Il  miracolo  della  divisione  dei pani, narrato nel vangelo di oggi, diventa l’occasione per riscoprire la direzione e il senso di questa sublime trasformazione. Al pari dei  discepoli,  anche  noi  abbiamo  tante  volte  l’impressione  che manchi il necessario per vivere insieme e per essere felici, quando ci  fermiamo  alla  consapevolezza  che  «qui  siamo  in  una  zona  deserta» (Lc 9,12). Il Signore Gesù non si sofferma sulle circostanze esteriori, ma sulla ricchezza delle motivazioni che possono trasformare ogni deserto in spazio di vita, ogni volta che si è disposti a non trattenere, ma a offrire il poco che si è (ricevuto): «Voi stessi date  loro  da  mangiare»  (9,13).

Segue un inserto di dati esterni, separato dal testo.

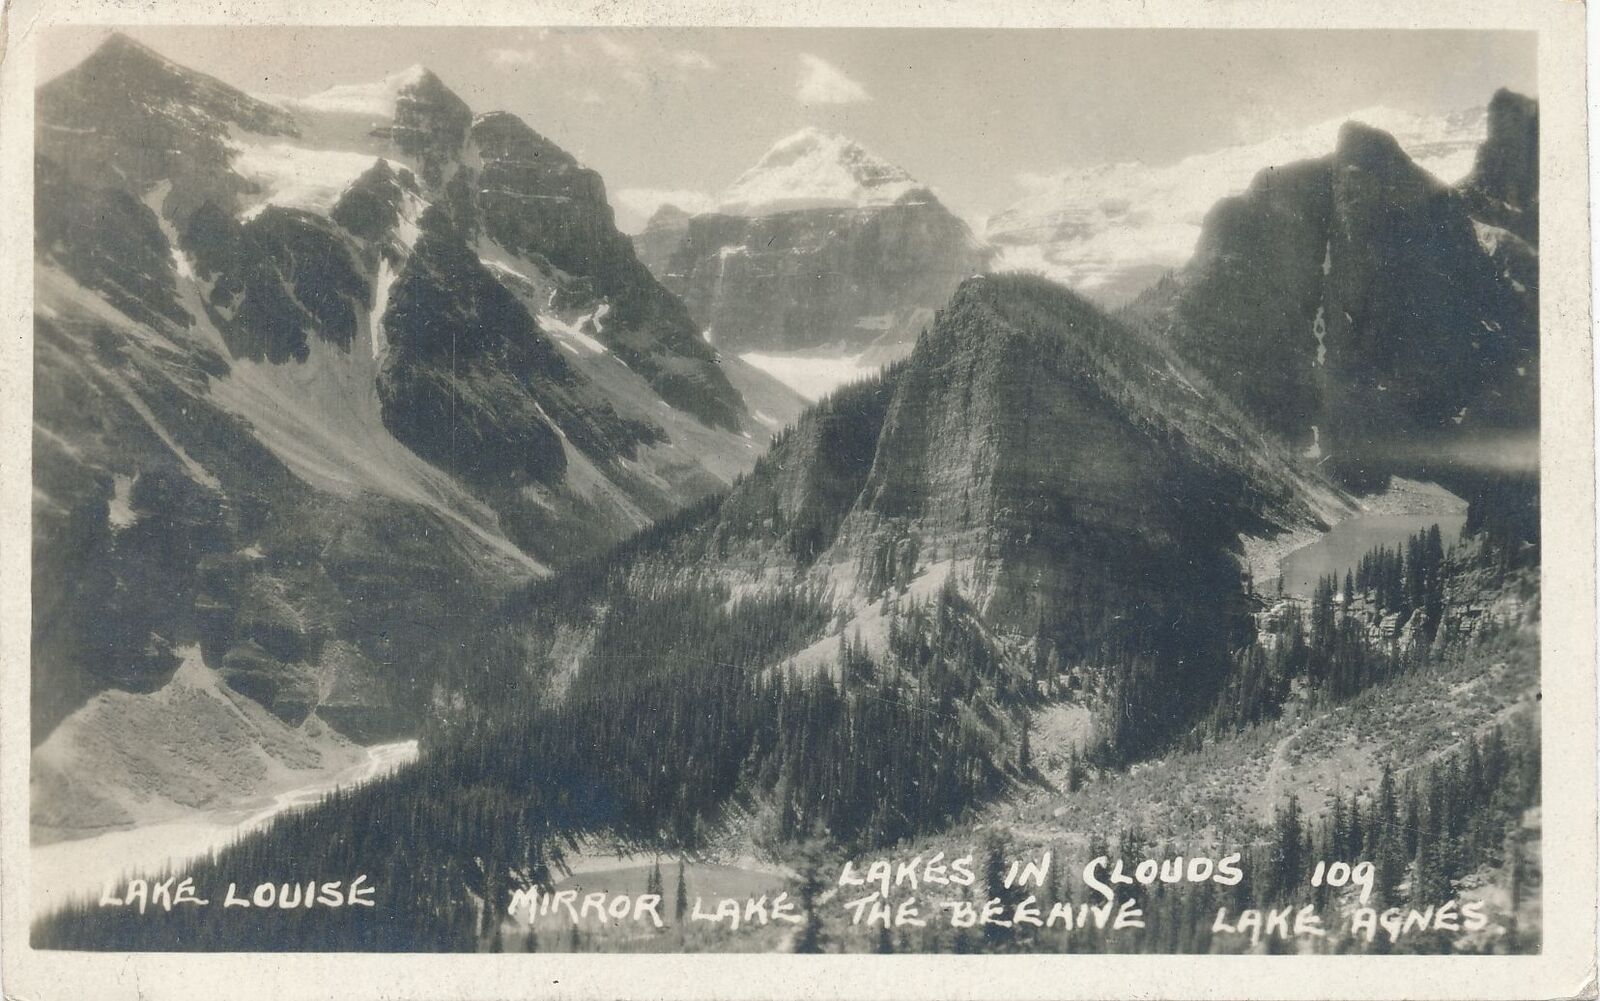 LAKE LOUISE AB - Lakes In Clouds Real Photo Postcard rppc

Accogliendo  il  Signore  come  cibo, scopriamo che pure noi stessi siamo chiamati a diventare un vero nutrimento per la vita degli altri. Perché la vita resta abbondante non  quando  la  preserviamo  e  la  difendiamo,  ma  quando  siamo disposti a offrirla nella libertà. Arrendendoci all’idea che dare non è  conveniente,  ma  è  l’unica  scelta  capace  di  placare  tutto  il  desiderio  del  nostro  cuore:  «Tutti  mangiarono  a  sazietà  e  furono portati via i pezzi loro avanzati: dodici ceste» (9,17).

Signore Gesù, nel tuo corpo e nel tuo sangue offerti possiamo imparare a riconoscere noi stessi, destinatari di questa tua benedizione e chiamati a donarci in tutto, nei beni e nell’umanità. Con il tuo aiuto, noi stessi possiamo diventare quel pane diviso e consegnato ai fratelli, quella mancanza trasformata in sazietà, quel desiderio di avere, esaudito nel dare noi stessi.

Leggi il Vangelo di oggi

Tutti mangiarono a sazietà.

Dal Vangelo secondo Luca
Lc 9, 11b-17

In quel tempo, Gesù prese a parlare alle folle del regno di Dio e a guarire quanti avevano bisogno di cure.

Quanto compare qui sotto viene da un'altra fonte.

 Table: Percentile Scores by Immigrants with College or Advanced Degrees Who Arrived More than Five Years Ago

Il giorno cominciava a declinare e i Dodici gli si avvicinarono dicendo: «Congeda la folla perché vada nei villaggi e nelle campagne dei dintorni, per alloggiare e trovare cibo: qui siamo in una zona deserta».

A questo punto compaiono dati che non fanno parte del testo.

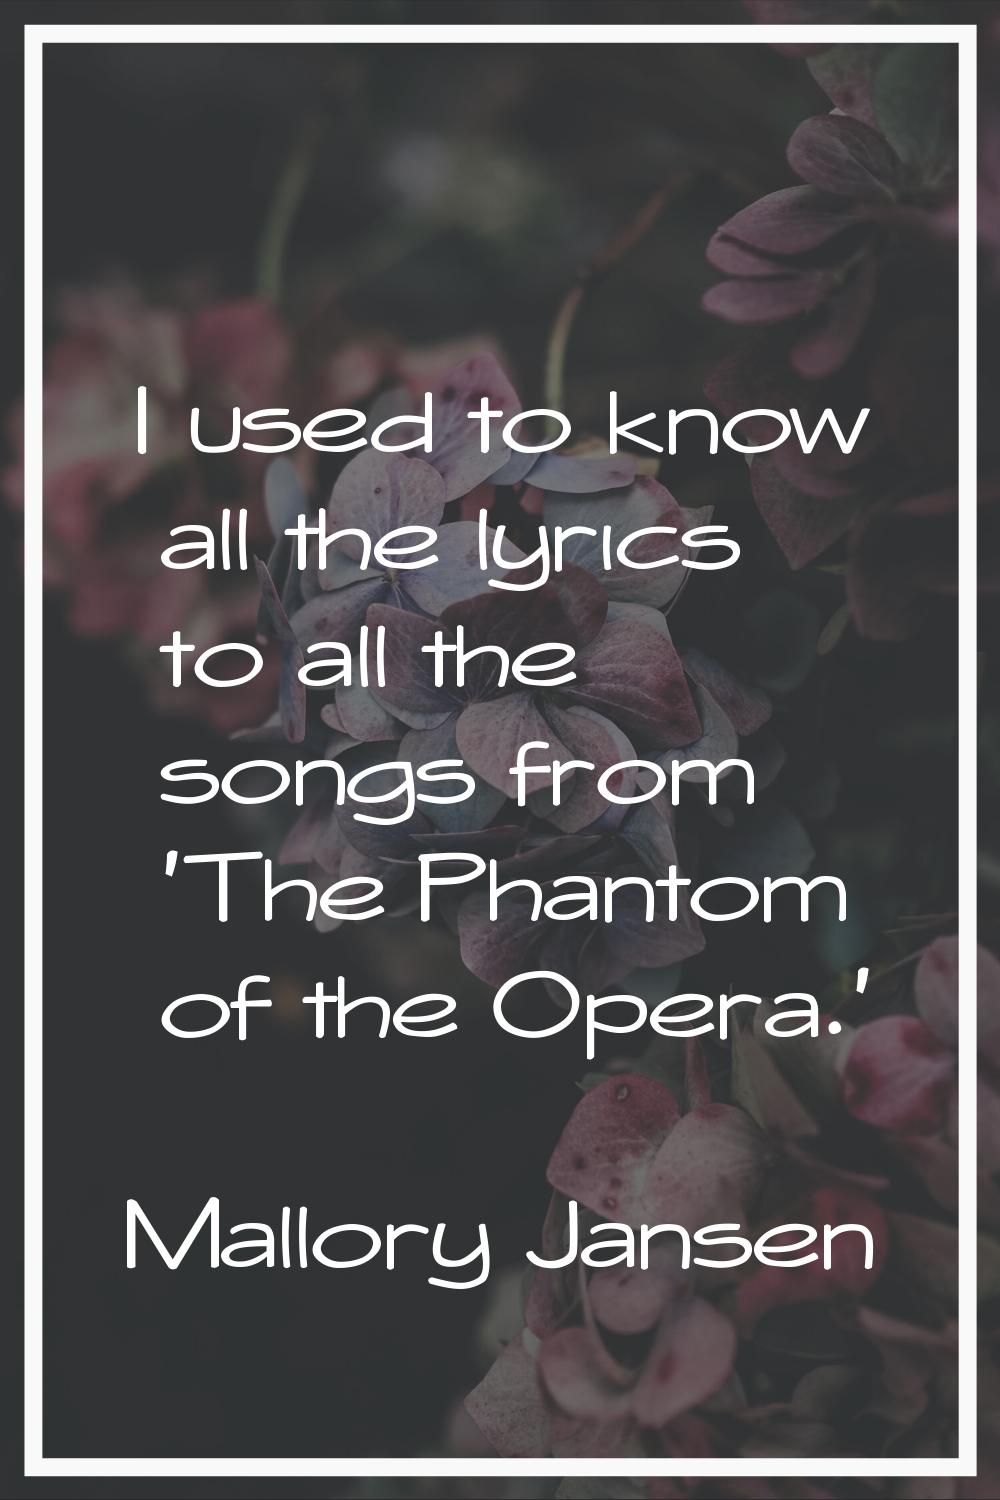 I used to know all the lyrics to all the songs from 'The Phantom of the Opera.'

Gesù disse loro: «Voi stessi date loro da mangiare». Ma essi risposero: «Non abbiamo che cinque pani e due pesci, a meno che non andiamo noi a comprare viveri per tutta questa gente». C’erano infatti circa cinquemila uomini.
Egli disse ai suoi discepoli: «Fateli sedere a gruppi di cinquanta circa». Fecero così e li fecero sedere tutti quanti.
Egli prese i cinque pani e i due pesci, alzò gli occhi al cielo, recitò su di essi la benedizione, li spezzò e li dava ai discepoli perché li distribuissero alla folla.
Tutti mangiarono a sazietà e furono portati via i pezzi loro avanzati: dodici ceste.